Вторая ваза

Лунная Радуга
             Много лет назад я обнаружила у себя способность видеть внутри людей скрытые вещи. До сих пор я так и не знаю, что это такое, то ли мое собственное восприятие каких-то человеческих особенностей, то ли обыкновенные ассоциации, то ли что-то еще. Поделиться своим открытием мне было  не с кем, друзья меня бы не поняли, в худшем  случае посоветовав обратиться к психиатру, а с  экстрасенсами я близко не общалась, да и не доверяла. Оставалось просто принять это как данность, что я и сделала.
             Далеко не всегда я пользовалась своей способностью, потому что для нее нужен был особый настрой. Но уж когда  таковой случался, я не отказывала себе в удовольствии разглядывать людей, как витрины магазинов. Чего только у них внутри не скрывалось – и чашки, и пепельницы, и ночные горшки, были даже велосипед и магнитофон. Но чаще всего люди носили в себе какую-либо посуду, причем это совершенно не зависело от пола. Например, моя лучшая подруга носила в груди изящную чайную пару из дорогого сине-белого гжельского сервиза, а начальница моя была старинным блюдом, возможно мейсенского фарфора. Один добрый мой приятель был металлическим кофейником, возможно именно поэтому мы с ним и оставались не более чем приятелями. К кофе я отношусь равнодушно, предпочитаю зеленый чай. А его отец был серебряной ложечкой для кофе.
             Я не вдавалась глубоко в изучение тождества предметов и личностных особенностей людей, но кое-какие наблюдения накапливались.

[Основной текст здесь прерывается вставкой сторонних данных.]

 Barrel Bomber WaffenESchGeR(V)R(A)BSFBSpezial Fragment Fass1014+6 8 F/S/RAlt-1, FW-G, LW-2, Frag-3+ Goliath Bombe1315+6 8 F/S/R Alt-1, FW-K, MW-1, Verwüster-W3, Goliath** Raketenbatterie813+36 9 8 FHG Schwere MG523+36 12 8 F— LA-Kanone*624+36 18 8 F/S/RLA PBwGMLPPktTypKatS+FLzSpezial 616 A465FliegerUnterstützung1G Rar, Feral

Интересно было также смотреть, какие предметы образуют пары и как складываются их отношения. Вот тут связь прослеживалась вполне определенная. Согласитесь, заварочному чайнику легко понять сахарницу, чашку, да и салатницу, на худой конец, особенно если рисунок на них близкий и относятся они к одному стилю. И пепельница найдет много общего с трубкой или мундштуком. И зеркальце образует неплохой союз со свечой, не то, что с молотком. А ведь встречалось и такое. Все знакомые мне пары подтверждали сходство или противоречие внутренних предметов протяженностью своих отношений во времени. Пара очков и салатника продержалась два месяца, а союз двух пиал длится до сих пор.

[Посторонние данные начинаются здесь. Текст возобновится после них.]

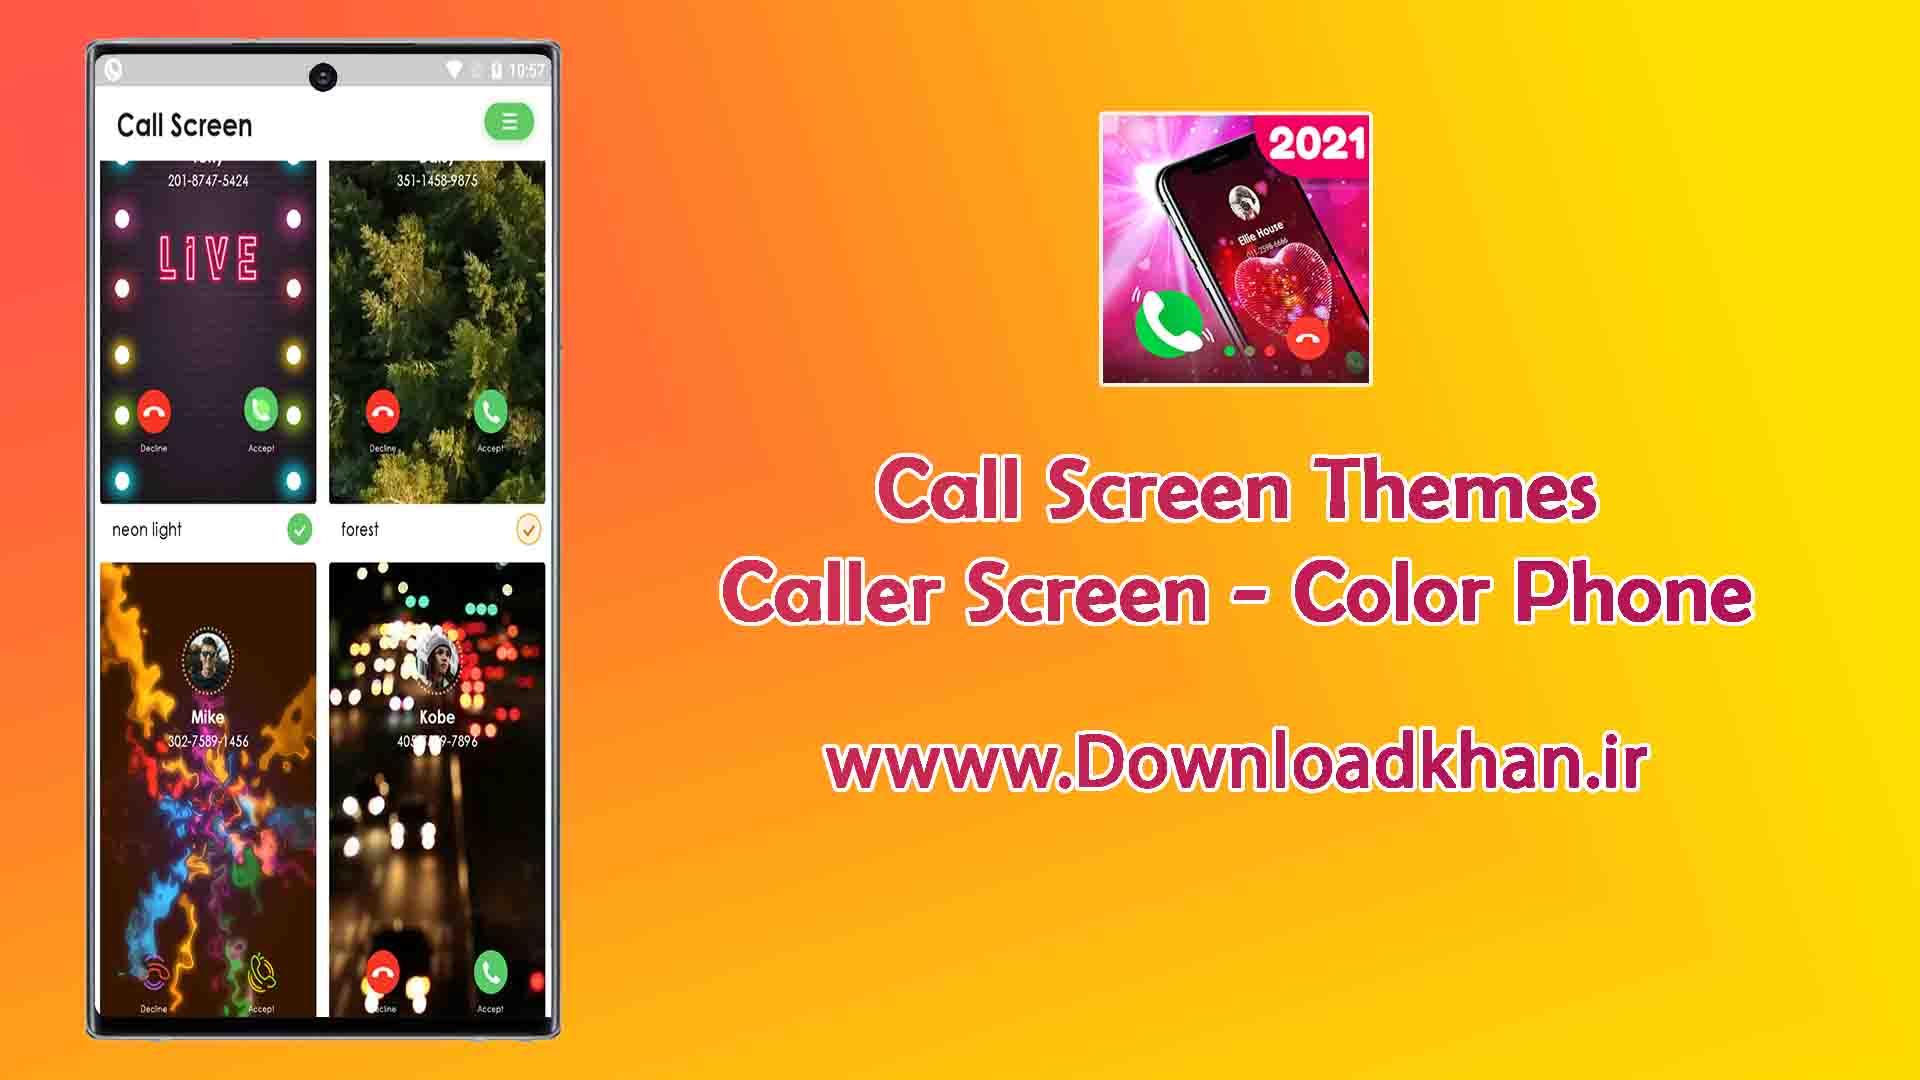 Call Screen Themes

             А у Него внутри была старинная китайская ваза из тончайшего фарфора нежно-розового цвета с жемчужным отливом. Я не большой знаток древнего гончарного искусства, но почему-то сразу определила эту вазу, как китайскую. Несколько раз доводилось мне видеть внутри людей вазы, украшенные иероглифами или рисунками, возможно эпохи Тан или Мин, но, как я уже говорила, не очень-то я в этом разбираюсь. Но Его ваза была особенной. Как только я поняла, что  именно у него внутри, у меня дыхание перехватило. Потому что ваза была настолько хрупкой и тонкой, что и прикасаться-то к ней было страшно. Хотелось немедленно убрать ее под стекло музейной витрины, поставить вокруг световые лучи охранной сигнализации, и, отойдя на три метра положенного до ценного экспоната расстояния, любоваться ей издали.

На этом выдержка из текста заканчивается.